ALBANY, NY (03/14/2023) (readMedia)-- Today, the NYS Senate released its "one-house" budget proposals. The Senate plan includes a version of the Climate Change Superfund Act (S.2192 Krueger/A.3351 Dinowitz) - Department of Environmental Conservation, Article VII, New Part JJJ. Blair Horner, Executive Director of NYPIRG, issued the following statement:
"Today the State Senate has taken the historic step of moving New York one step closer to becoming the first state in the nation to make Big Oil pay for the climate damage they've inflicted on us for decades. They can afford it: Aramco just announced it made $161 billion in profits in 2022, nearly 50% more than the previous year, bringing the top oil companies' 2022 total profits to an astounding $376 billion. Meanwhile, everyday people are forced to choose between eating and heating.
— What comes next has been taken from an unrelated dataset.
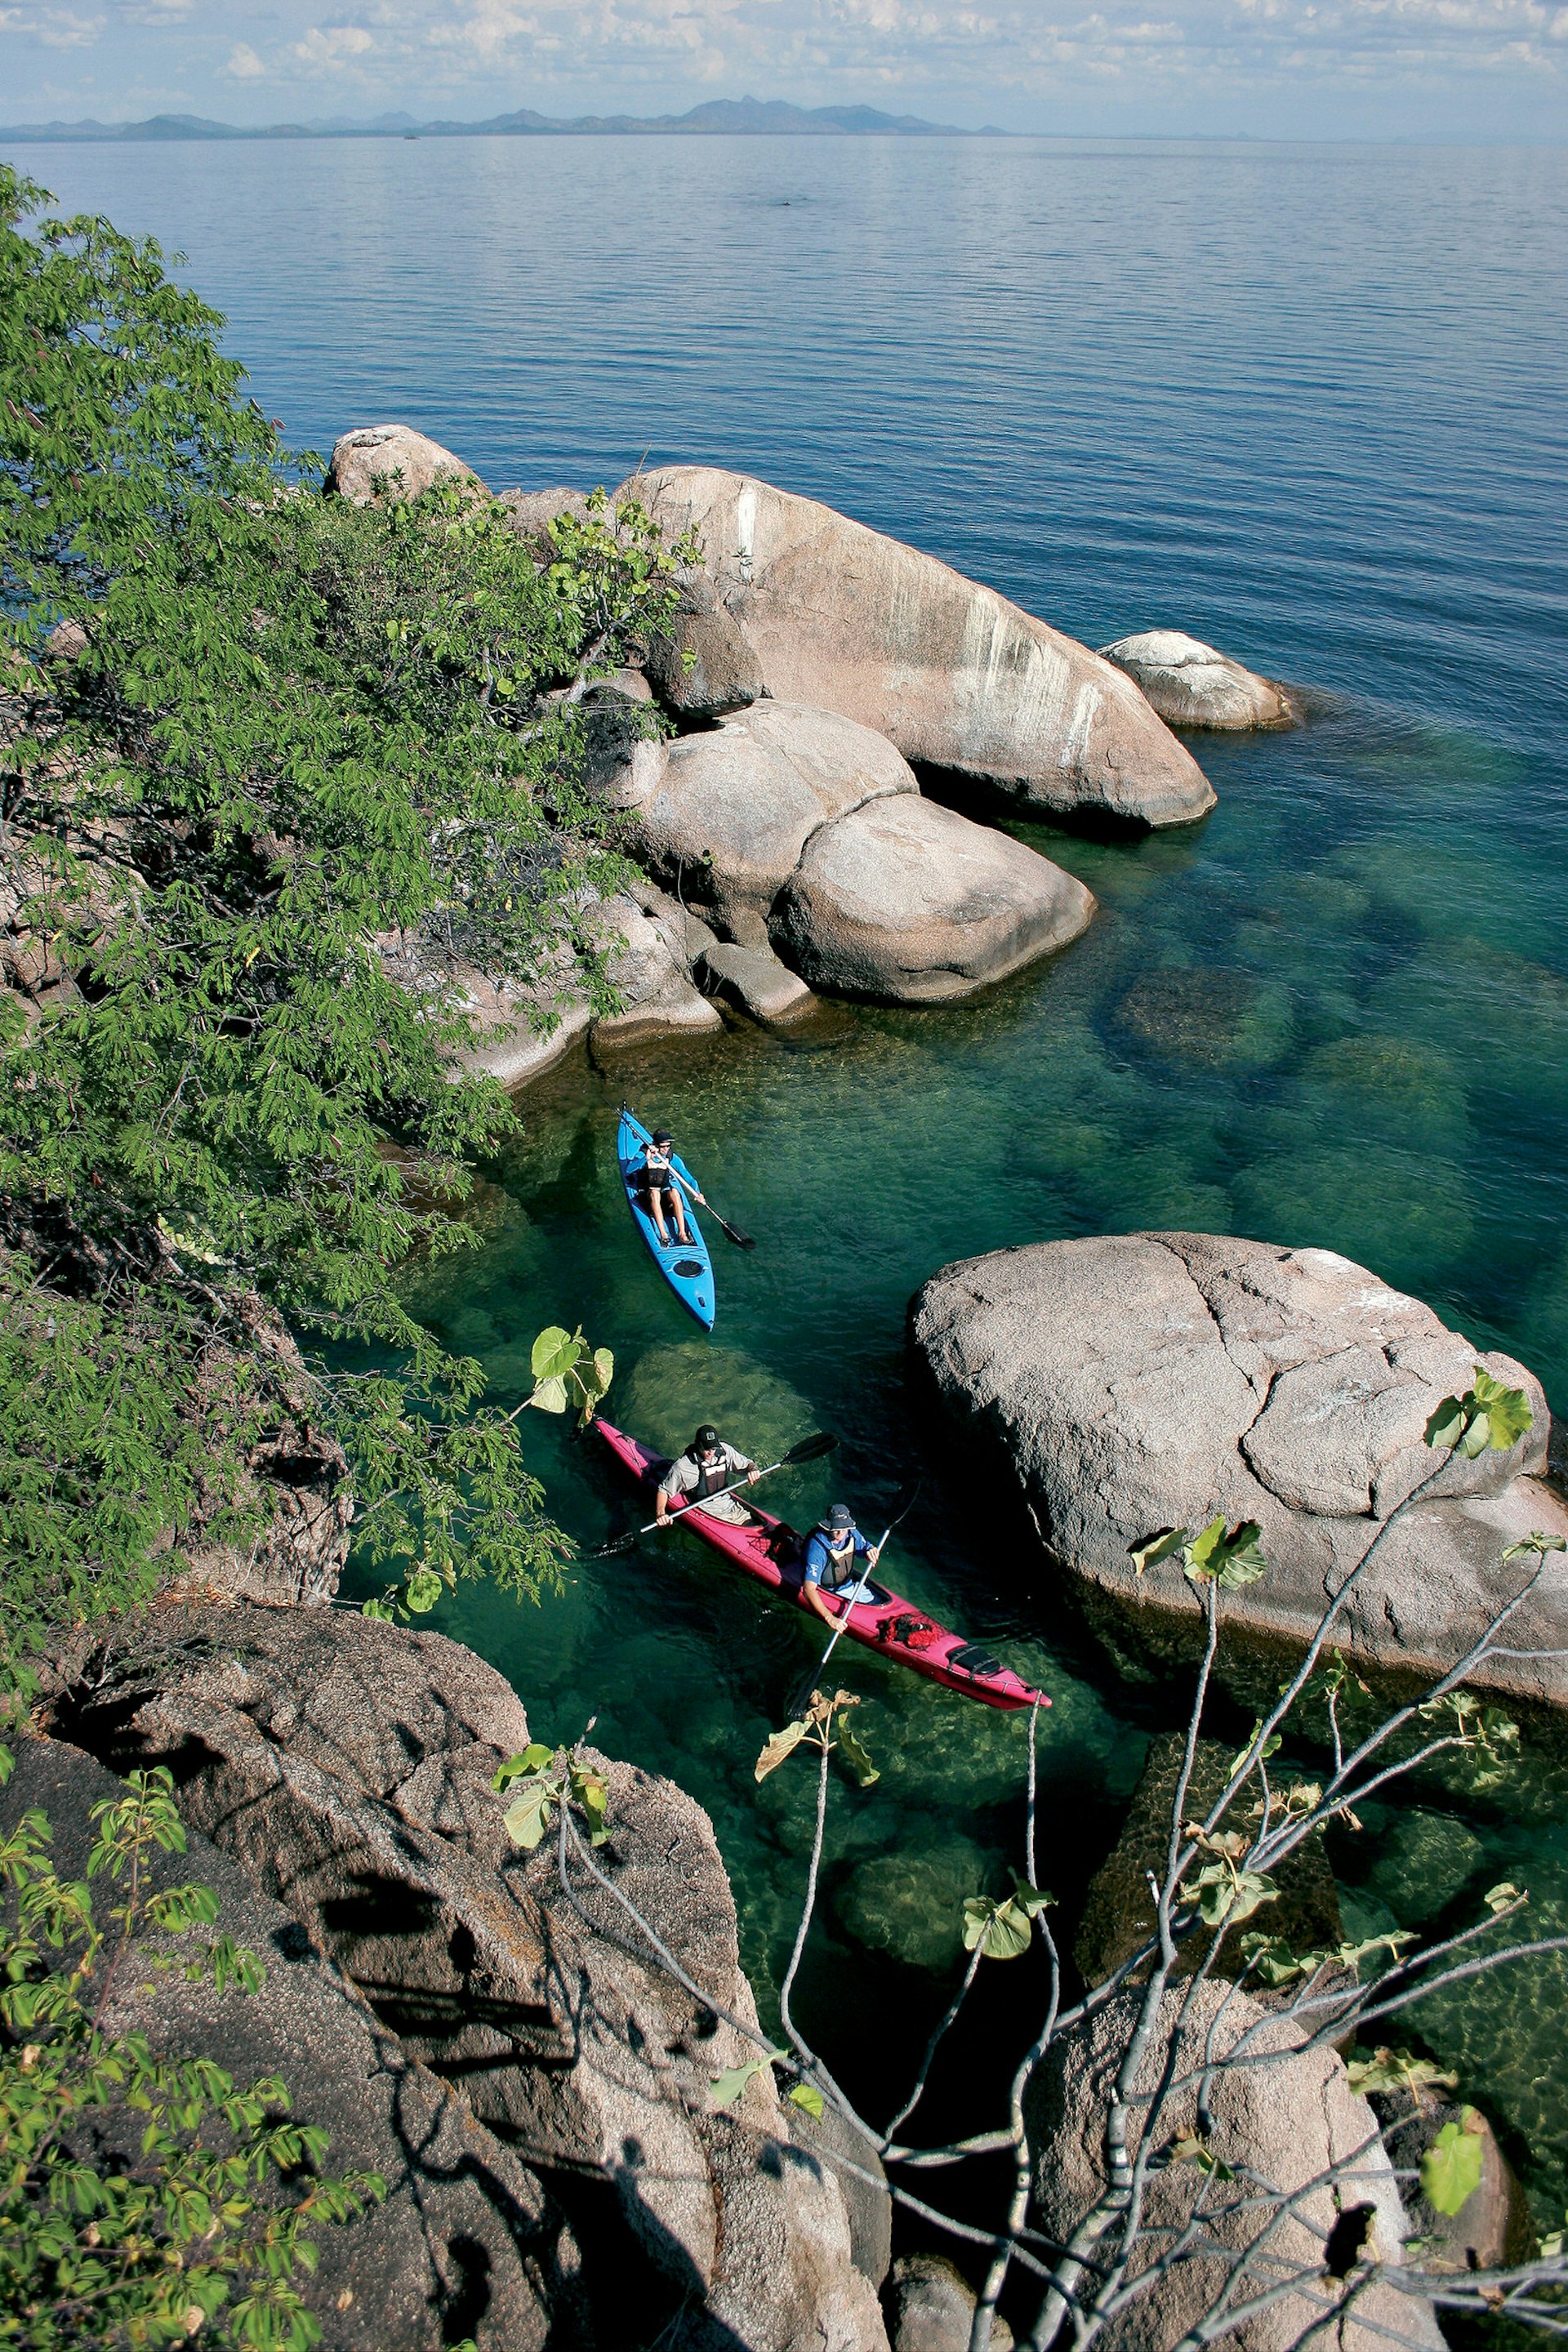 Great lakes – Kayakers paddle in Lake Malawi, Malawi

Now it's up to the Assembly and Governor to stand with New Yorkers – not the fossil fuel industry – and make polluters pay by including the Climate Change Superfund Act in the final budget."
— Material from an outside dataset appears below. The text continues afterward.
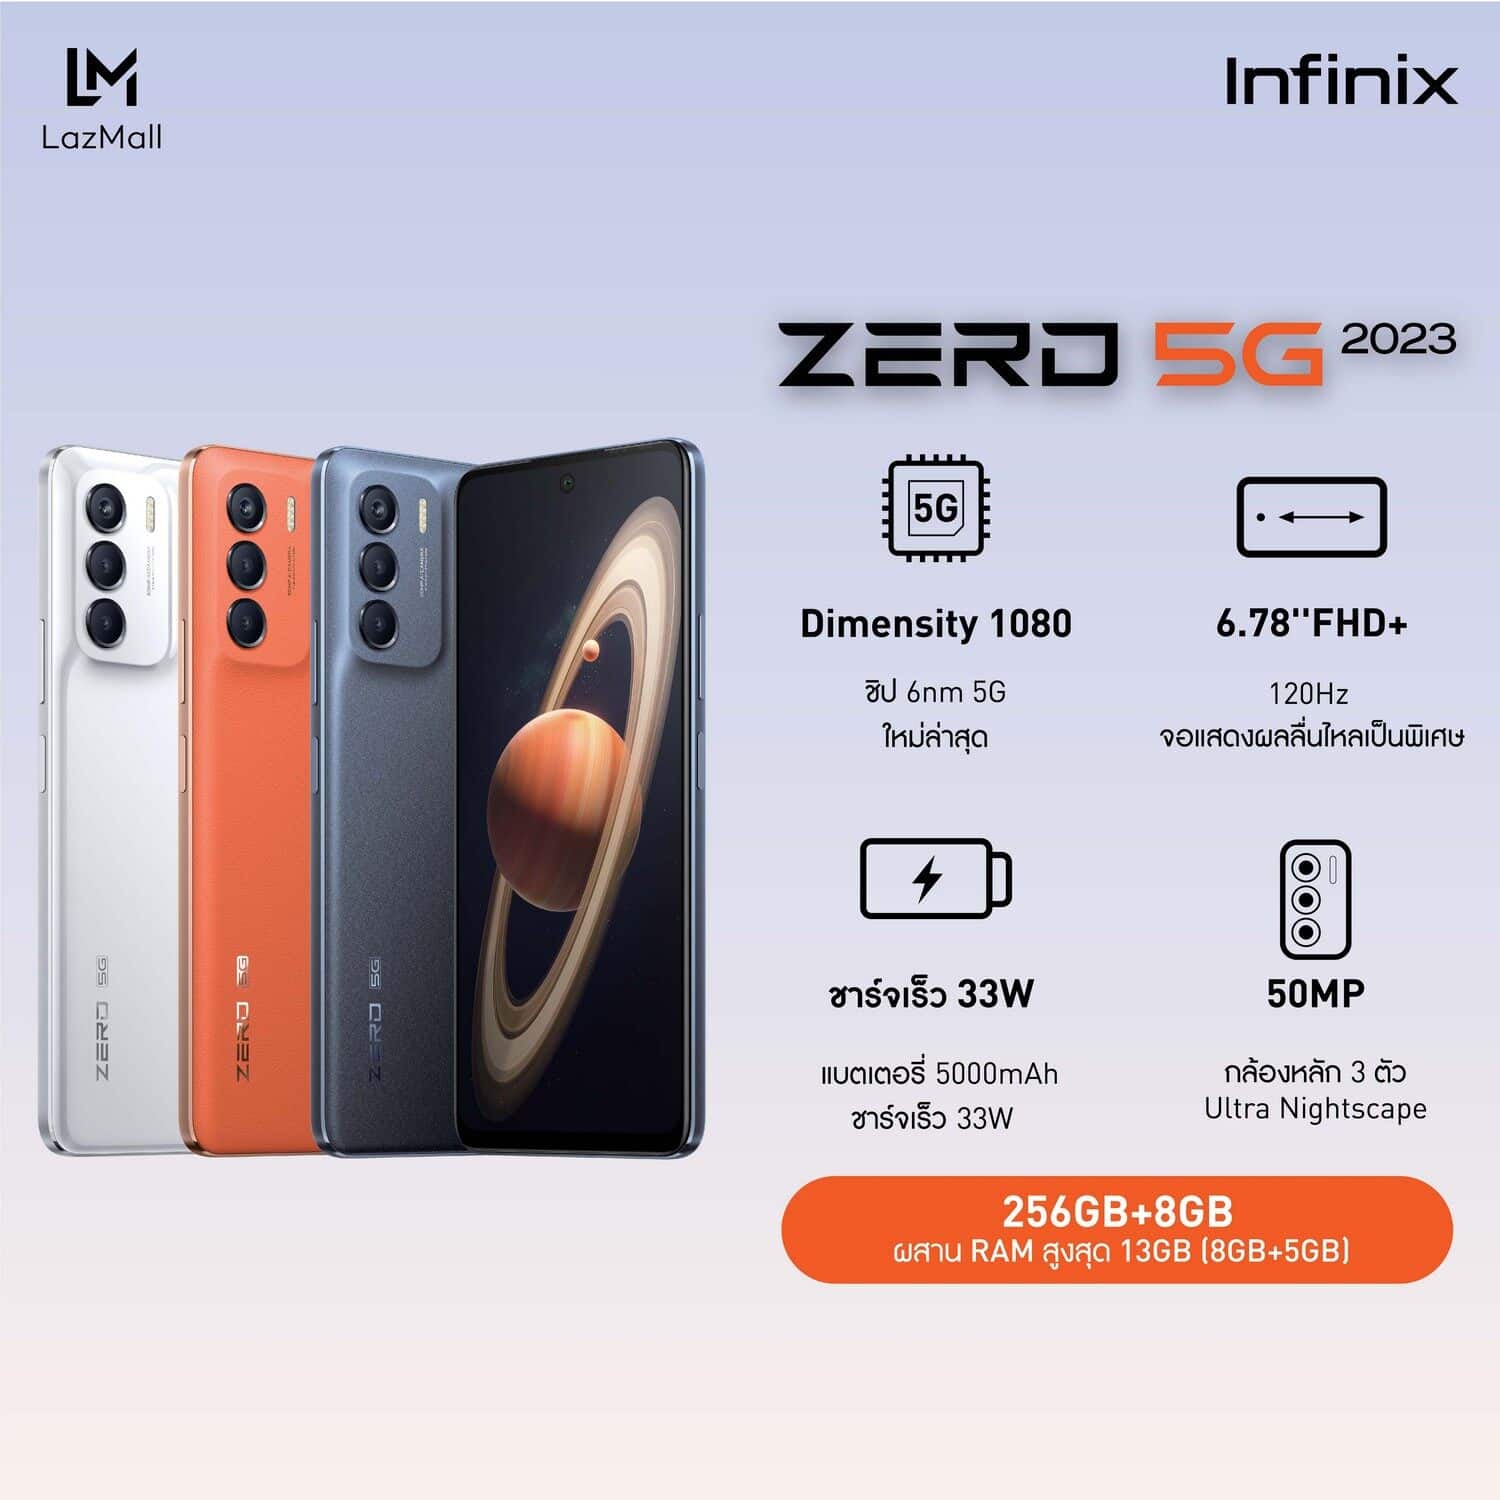 Infinix ZERO 5G 2023 - 0fa998a5504996123b750e5d8be7ccdc - ภาพที่ 3

Last year, a federal proposal to make polluters pay championed by U.S. Reps Bowman and Nadler (and U.S. Senator Van Hollen, MD) received support from over 40 members of the House of Representatives. But the proposal didn't make it through Congress, and NYS now has the opportunity to step in where the federal government has failed and be the first legislative body to enact such legislation. Three other states - Maryland, Massachusetts, and Vermont - are also considering similar legislation to make climate polluters pay.
The legislation assesses the largest greenhouse gas emitters to pay $3 billion annually for the next 25 years to offset the expected tens of billions of dollars in expected climate damages that will have to be paid by state taxpayers and ratepayers. The legislation is modeled on the existing toxics superfund law (which deals with land and drinking water contamination) that makes polluters financially responsible for the environmental damages that they have caused. These costs wouldn't fall back on consumers, according to an analysis from the think tank Institute for Policy Integrity at NYU Law.
2022 was a record profit year for big oil, with the top companies' combined profits reaching an astounding $376 billion. Those record profits allowed them to deliver unprecedented returns to shareholders while doing little to address the climate crisis they knew was coming, but did all they could to undermine climate action. Starting in the 1970s, scientists working for Exxon made "remarkably accurate projections of just how much burning fossil fuels would warm the planet." Yet for years, "the oil giant publicly cast doubt on climate science, and cautioned against any drastic move away from burning fossil fuels, the main driver of climate change."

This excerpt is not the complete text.